I desire that the tangible sign of My invisible presence be a picture to show that I am really present. Thus, all men will carry out all their actions under their Father's gaze and I Myself will have before Me the creature that I have not only created but adopted. In this way, My children will be, as it were, under their tender Father's gaze.
Even now I am everywhere, certainly, but I would like to be represented in a tangible way!”
Mother Eugenia asked a famous painter to paint a picture of the Father just as she had seen Him: with long black hair, dark eyes, without a beard, with a sceptre and a crown at His feet.
The fact that He didn’t have a beard caused innumerable objections in the Church and was the cause of great affliction for Mother Eugenia who had to tell the painter to touch up His face by adding a thick, black beard. Only then was the picture allowed to be spread.

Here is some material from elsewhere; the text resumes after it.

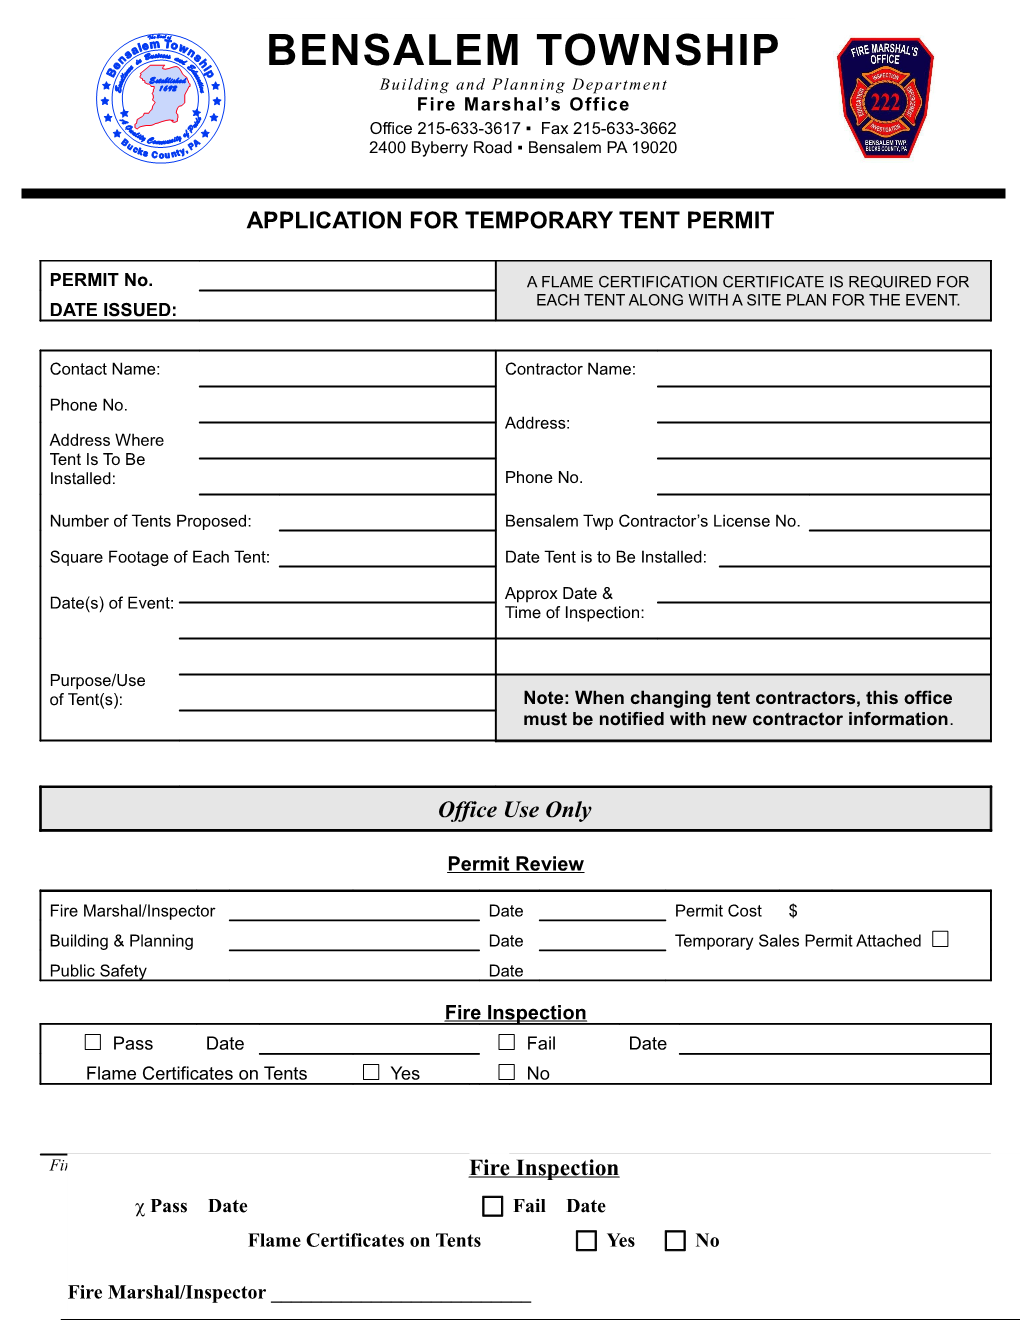 Application for Temporary Tent Permit
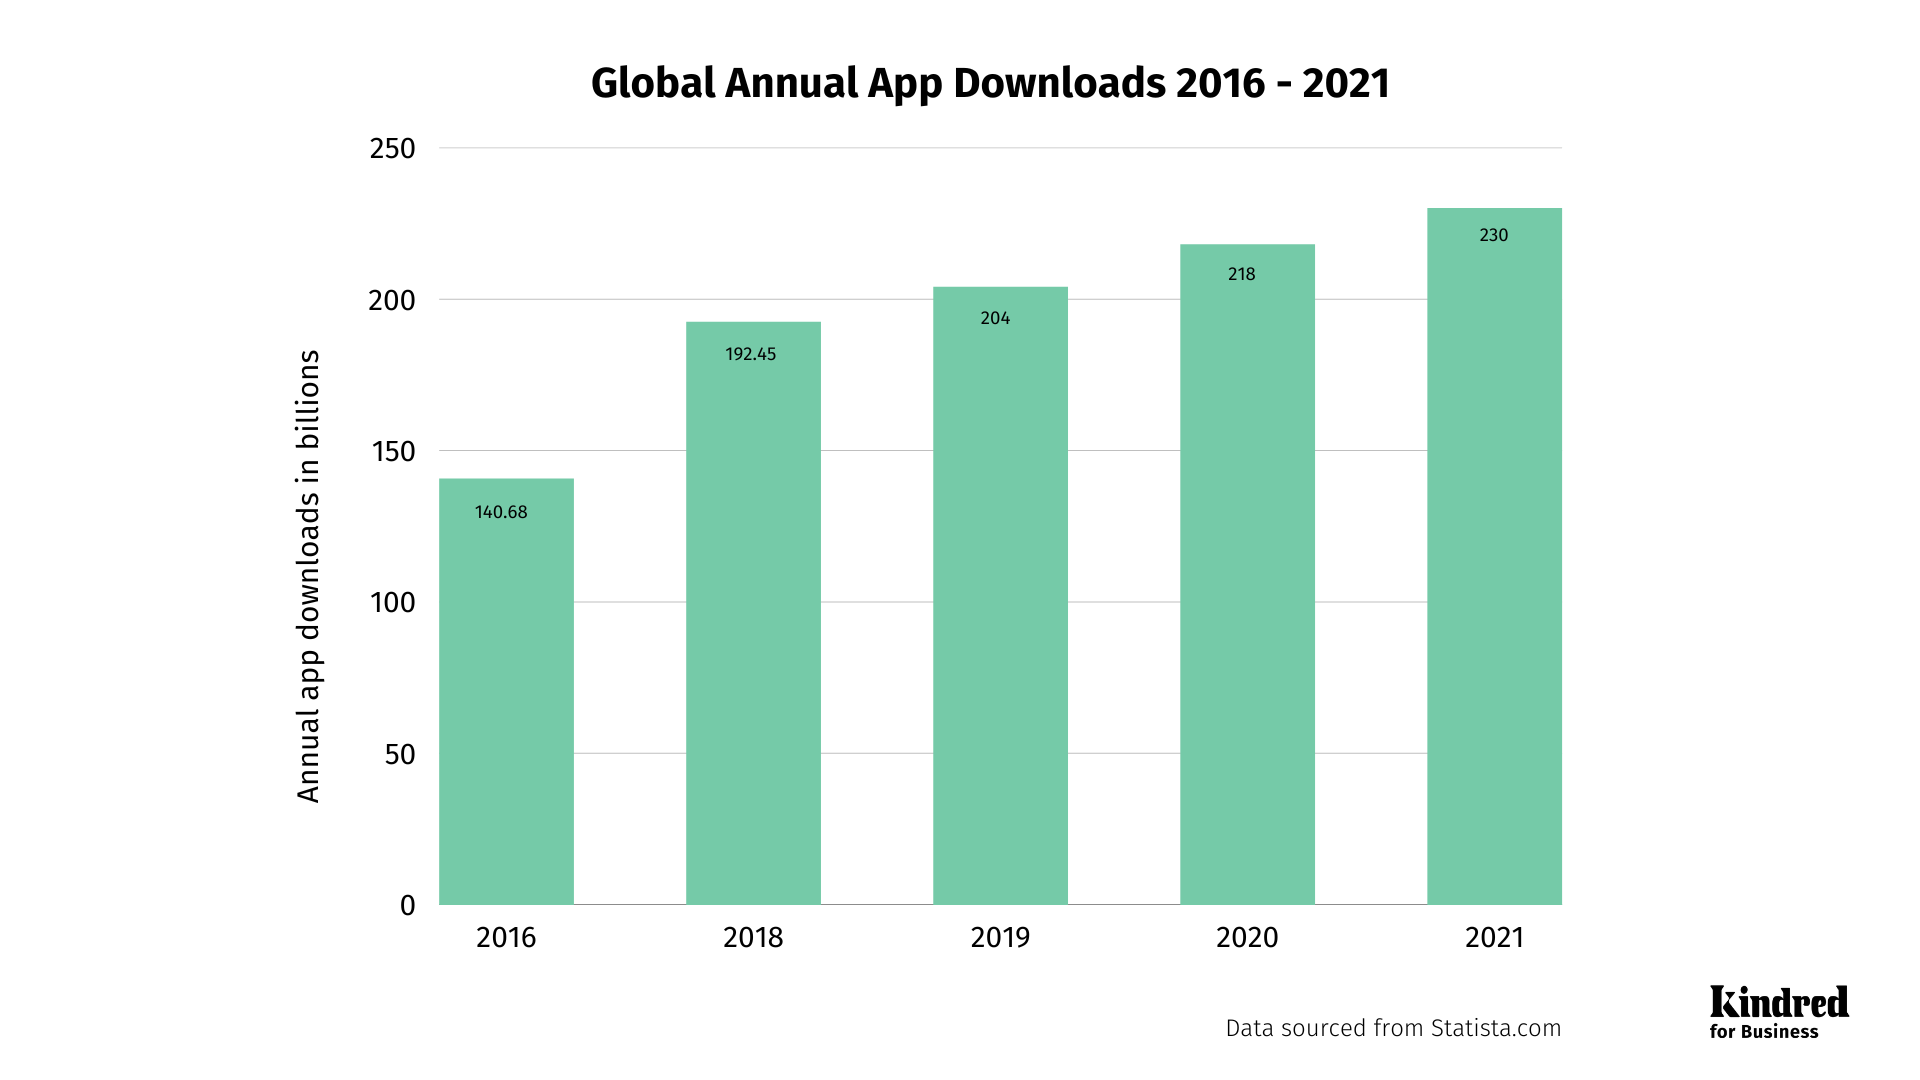 Annual mobile app downloads in billions 2016 to 2021 Kindred for Business x Statista

The censors were put off track by traditional European painting which has always represented the Father with a “beard”, correlating it with the human idea of virility; and “old” in reference to the Son who, always according to a human scheme, should be younger than the Father. But they didn’t take into account two factors: a beard is a sign of humanity and old age can’t concern the three divine Persons who are coeternally young. In fact, Eastern iconographers portray divine Persons as being young and without a beard; may the example of Rublev’s Trinity be an example for all.
What happened to the picture Mother Eugenia had painted? At first it was placed on the altar of a church in Grenoble; it then disappeared during the terrible persecution against Mother Eugenia which led to the destruction of her writings and all the copies of the picture of the Father which she had reproduced and propagated.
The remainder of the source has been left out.